Илья Борисович вздрогнул и поднял глаза. Доспехов стоял буквально в шаге от него, чуть позади – Бойцова, Рублев, фотограф и Свайбер, с котом, разложенным на шее как меховой воротник. На траве сидел Родион Ряхин с фляжкой, рядом с ним – Солярский с блокнотом. «Расположились как актеры на сцене», – подумал Илья Борисович.

– Вас я не звал! – он обращался к Солярскому, но тот смотрел в сторону. – Юрий, это я вам.

– Уважаемый Илья Борисович, не лишайте меня такой возможности! Вы мне интересны. Вы сложный человек, о котором мало что известно! Загадочный герой! Разрешите мне остаться!

– Черт с вами, оставайтесь. Я прошу всех присесть.

– А я уже сижу, – пьяным голосом протянул Ряхин и неприятно хохотнул.

Остальные молча расселись на пеньках.

– Сейчас вы, как в детективах Агаты Кристи, расскажете нам, кто убийца и как вы раскрыли дело? – спросил фотограф и приготовился слушать.

– В герметичных детективах Агаты Кристи! – уточнил Солярский и занес ручку над блокнотом.

Илья Борисович проигнорировал реплики, закрыл журнал с рассказами и отложил его в сторону. Он достал из сумки папку и блокнот.

– До того, как здесь удивительным образом вырубились все виды связи, – Илья Борисович многозначительно оглядел присутствующих, как будто пытался понять, кто из них поспособствовал его полной изоляции, – я получил заключение о вскрытии.

Он выдержал небольшую паузу и продолжил.

– Специалисты считают, что отравляющее вещество – кстати говоря, это был метанол – попало в организм Артура Князева уже после того, как наступила смерть. Удивительно, правда? И этот факт наводит на множество разных мыслей… Зачем дважды убивать человека? Зачем убивать того, кто уже мертв?

– Жить надо так, чтобы тебя не хотелось убить дважды, это точно… – задумчиво проговорил Ряхин.

– Сначала я искал нестыковки в ваших историях. Потом я понял, что нестыковок слишком много, и опираться на них нельзя. У каждого здесь своя версия. И слишком много слов. Тогда я начал искать, где вы сходитесь. Общее в ваших рассказах. И знаете что?.. – Илья Борисович посмотрел в глаза каждому.

– Что? – мрачно спросил Ряхин.

– Вы все намекали мне, что убийца – Егор Рублев. А кто-то прямо говорил, что подозревает его…

На этих словах Рублев огляделся и сцепил руки.

– Вы все подсовывали мне улики. Я оказался просто завален ими. Вы сделали все, чтобы меня запутать.

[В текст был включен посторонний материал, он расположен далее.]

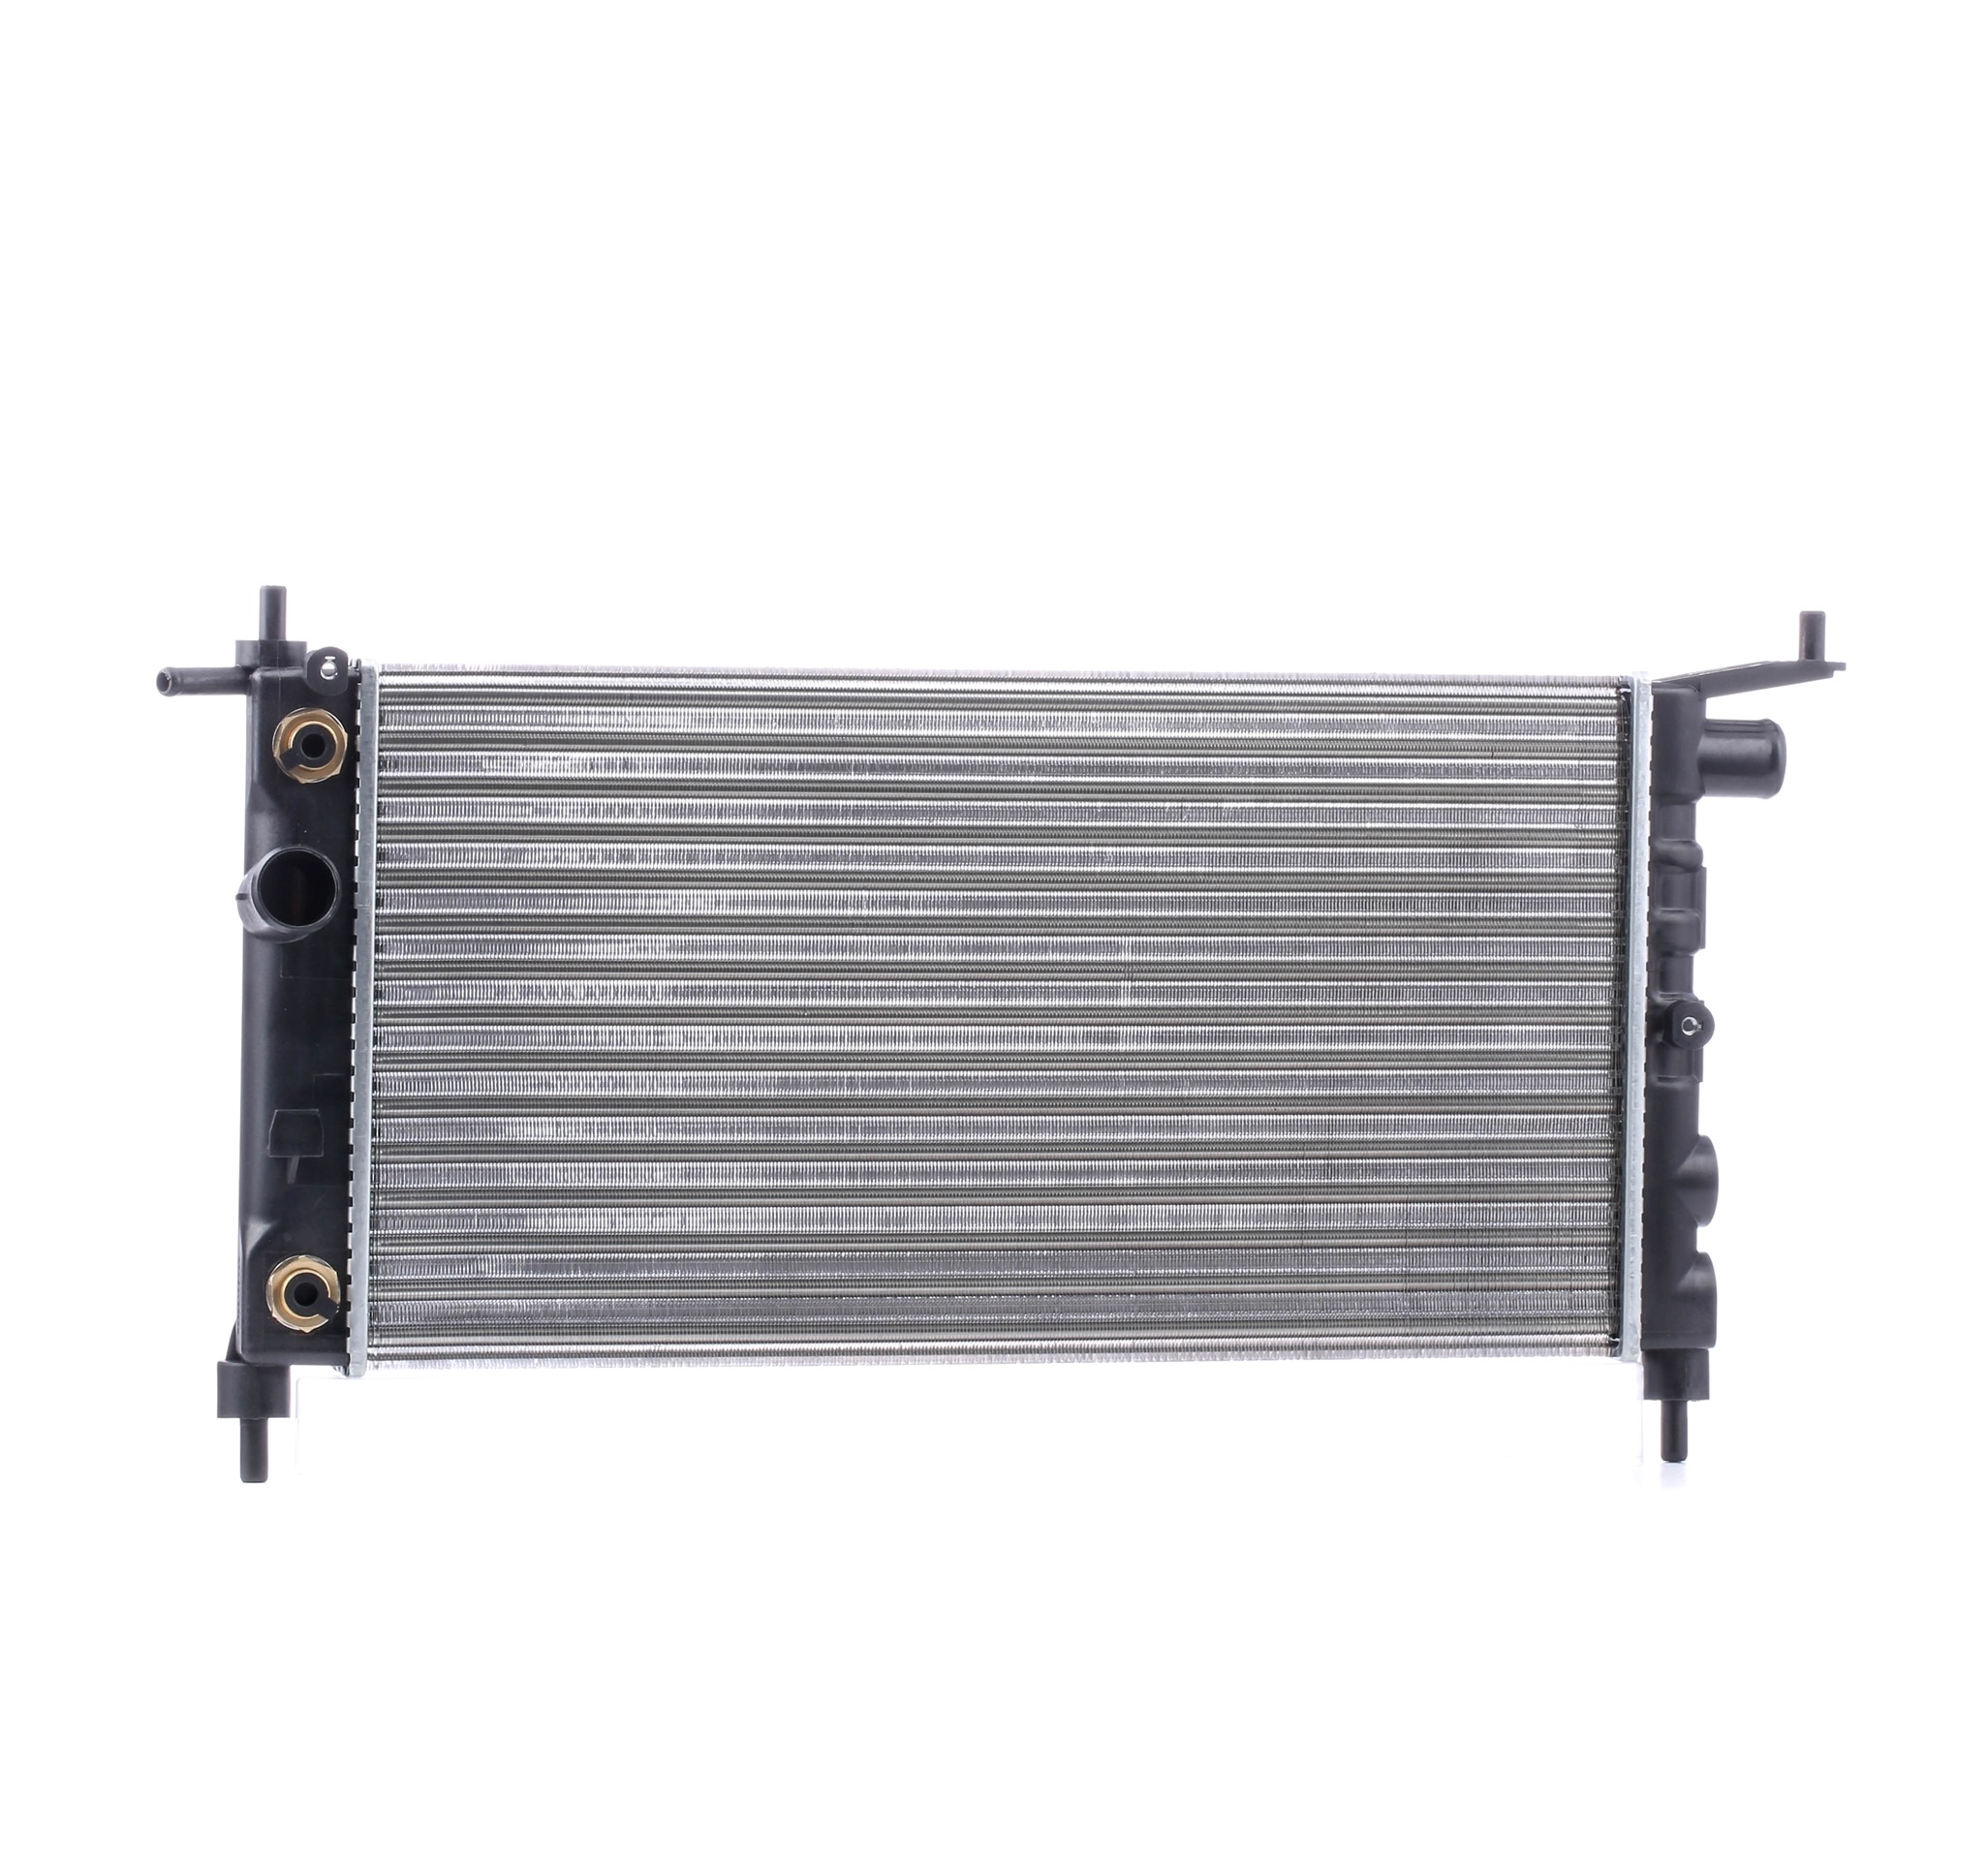 STARK SKRD-0120564 Engine radiator Aluminium, for vehicles without air conditioning, Automatic Transmission, Mechanically jointed cooling fins
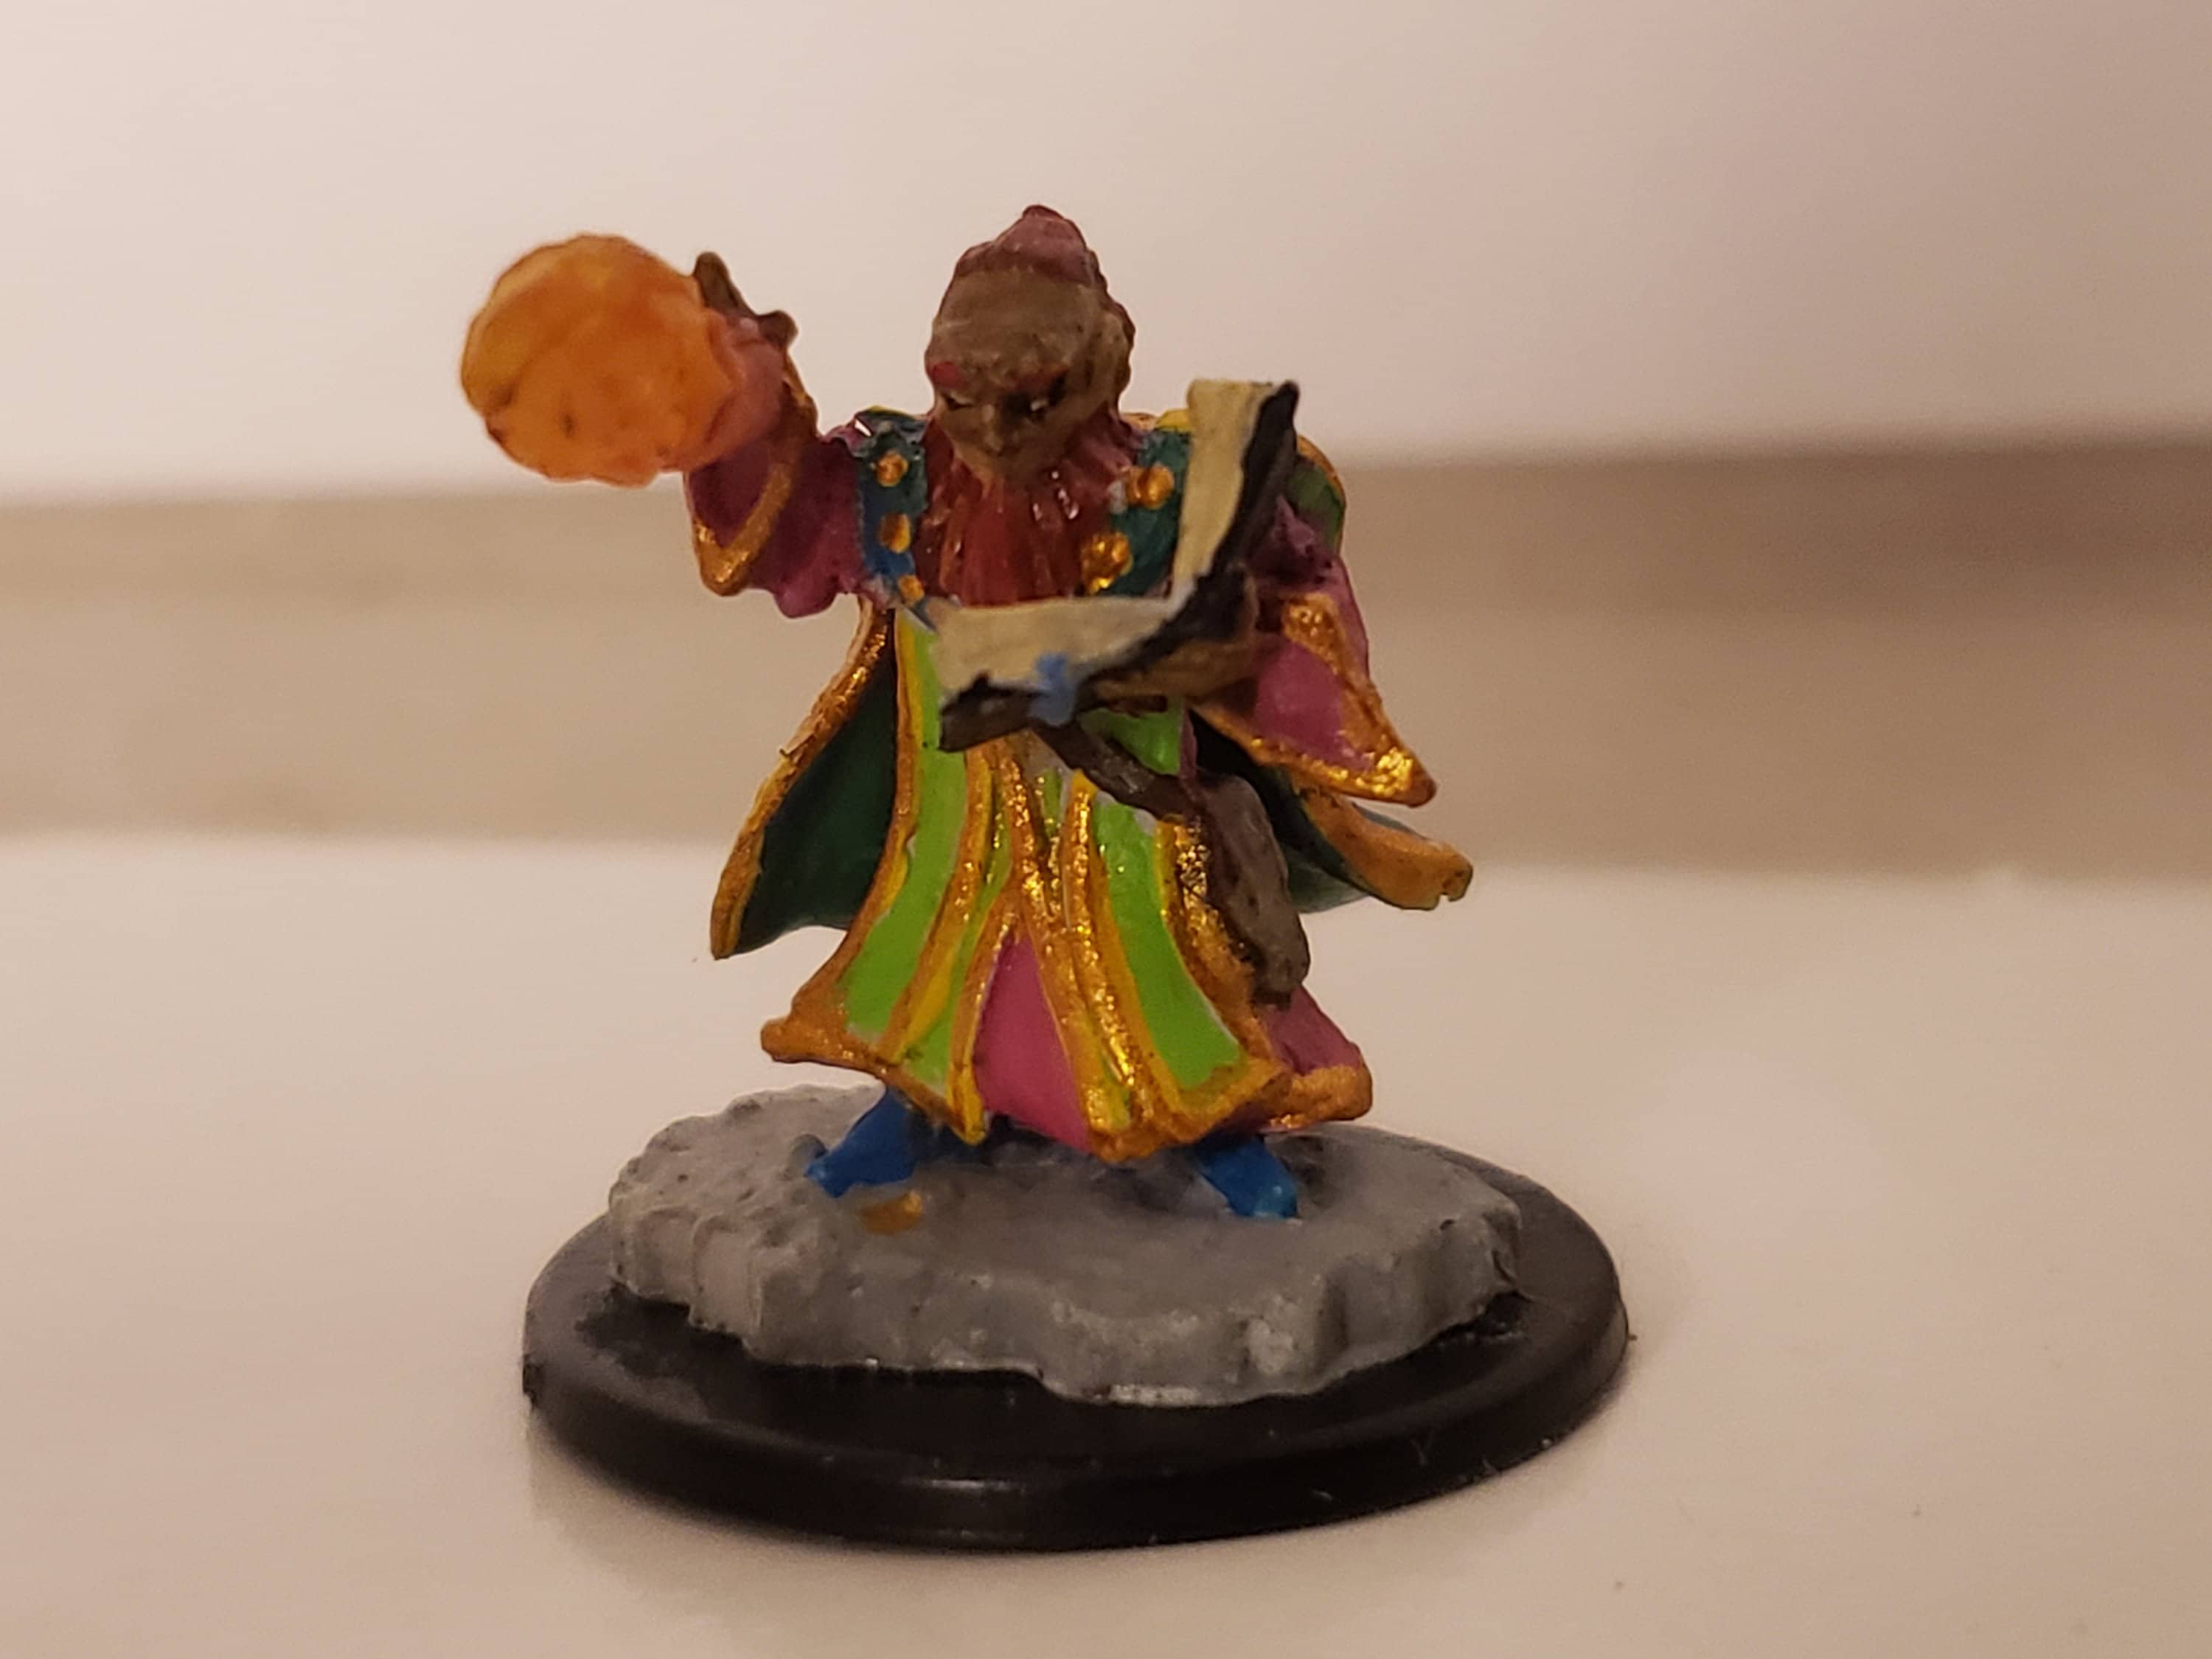 DnD Wargames 28mm Gaming Resin Miniature Pathfinder Tabletop Miniature Gnome Sorcerer or Wizard for Dungeons and Dragons

Чтобы я ходил кругами по этому чертовому парку и ломал себе голову, ища ответы на вопросы, которые вообще не имеют отношения к делу. Мне подсунули выписку со счета убитого, из которой стало ясно, что кто-то сделал две покупки в магазине «Пятерочка» уже после того, как Князев был убит. Сначала я решил, что это, конечно, кто-то из писателей.

– Почему вы так решили? – тихо спросил Доспехов. – Думаете, человек нуждающийся будет воровать с большей вероятностью, чем человек вполне благополучный?

– Да он давно поставил на нас крест! – снова хохотнул Ряхин. – Я бы в жизни не прикоснулся к этим грязным деньгам!

Он показательно сплюнул на землю.

– К счастью, карточка нашлась, – Илья Борисович медленно вынул из сумки толстую книгу, раскрыл, и из книги выпала черная банковская карта.

– Я ее нашел! – захрипел Котов. – Нашел карточку и решил потратить немного. Булка, сосиски, может, немного пива. Он бы даже не заметил! Вы знаете, как дешево они ценят мою работу?! Я хотел положить ее назад. Не помню, как она оказалась в альбоме с моим творчеством. Я просто забыл про нее. После всего…

– Знаю. Вас никто не обвиняет. Во всяком случае, в убийстве. А вот вас… – он перевел взгляд на Рублева.

– Я не буду говорить без своего адвоката, – Рублев встал и нервно пригладил волосы.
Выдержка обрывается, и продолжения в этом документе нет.